People of this much power come baring gifts to those who wish to follow them. They punish those they are jealous of and take all they think they deserve with no regard for your livelihood. Kneel, or die. There is no way you can stop them.

Well… There was that one time. A hidden boy from the shadows with a dagger – some bards sing of the dagger’s dark mutterings but others of its mundane rust – with a quick jab and the god bled. Bled like a swine, draining over a butcher’s grate.

Missing clarity

Gods can only brag of their power. Those that brag of their knowledge are arrogant and blind. Like you they hear with their ears, taste with their tongue, and feel with their touch. Divination may be their skill set, but time enough to witness everything is likely not.

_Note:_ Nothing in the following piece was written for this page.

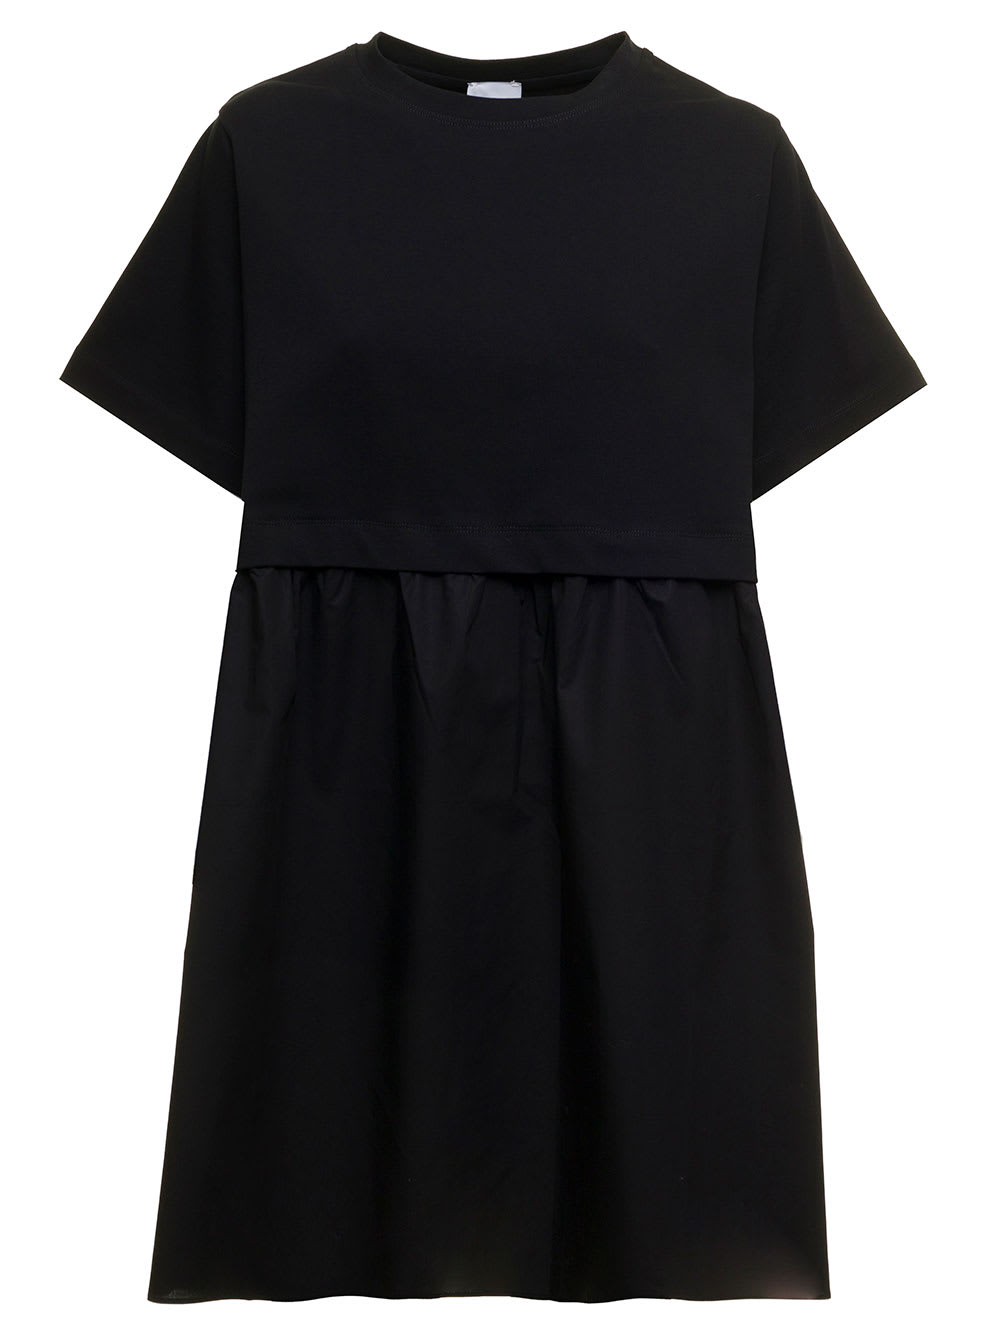 Patou Womans Black Short Sleeved Cotton Dress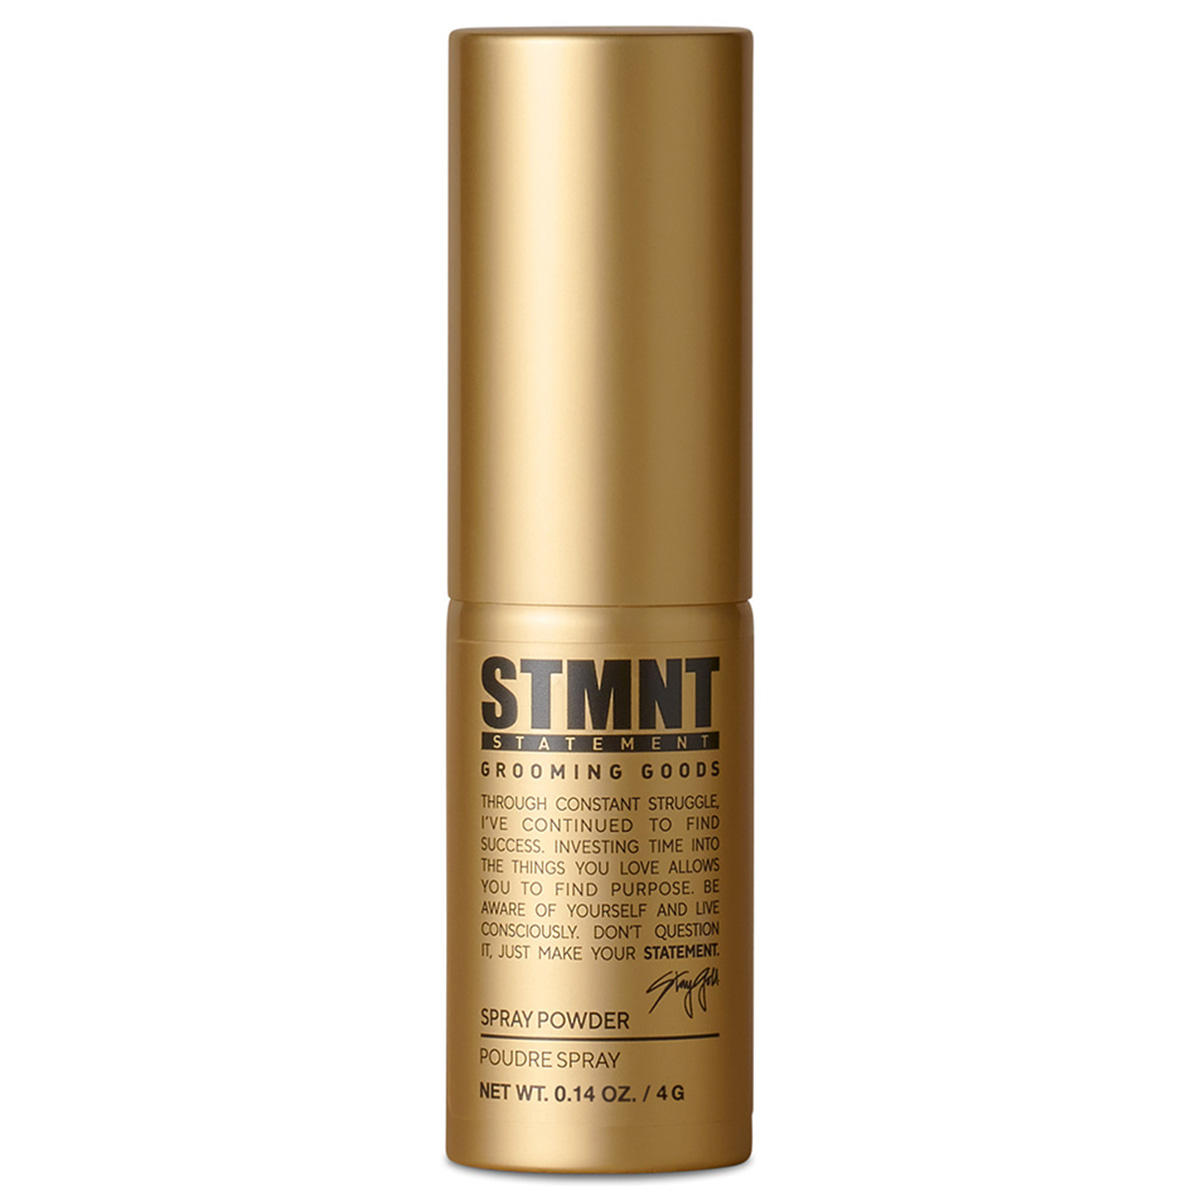 STMNT Spray Powder 4 g

They are still prone to lust and grief, hunger and pining. So they can be prayed upon by the wise. Manipulation can be a risky game but the rewards that come along with it far exceed that. The gods know this well. One thing that unites them all is this paranoia.

Messengers and missionaries

It is not rare for a god to take on a group of their closest followers – the ones they distrust their least – and have them scout the world for them, and bring back stories and information on would-be betrayals. These people compile information, carry messages between each other, and do all they can to stay in the close circle of few, near their beloved.

This clerical work comes with rewards. Items and badges of honour which show their position alongside a god – their protection assured by just showing this badge. Enemies of their Lord often flee at its sight, fearing retribution for wrongdoing against them.

A cleric’s travels does not take them along well trodden trading roads. They paths they have to take are far more unkept, as they seek where others rarely go, looking for threats against god. As time cures all ills, so does practice. Understanding how to mend wounds and purge poisons comes with the job, after time.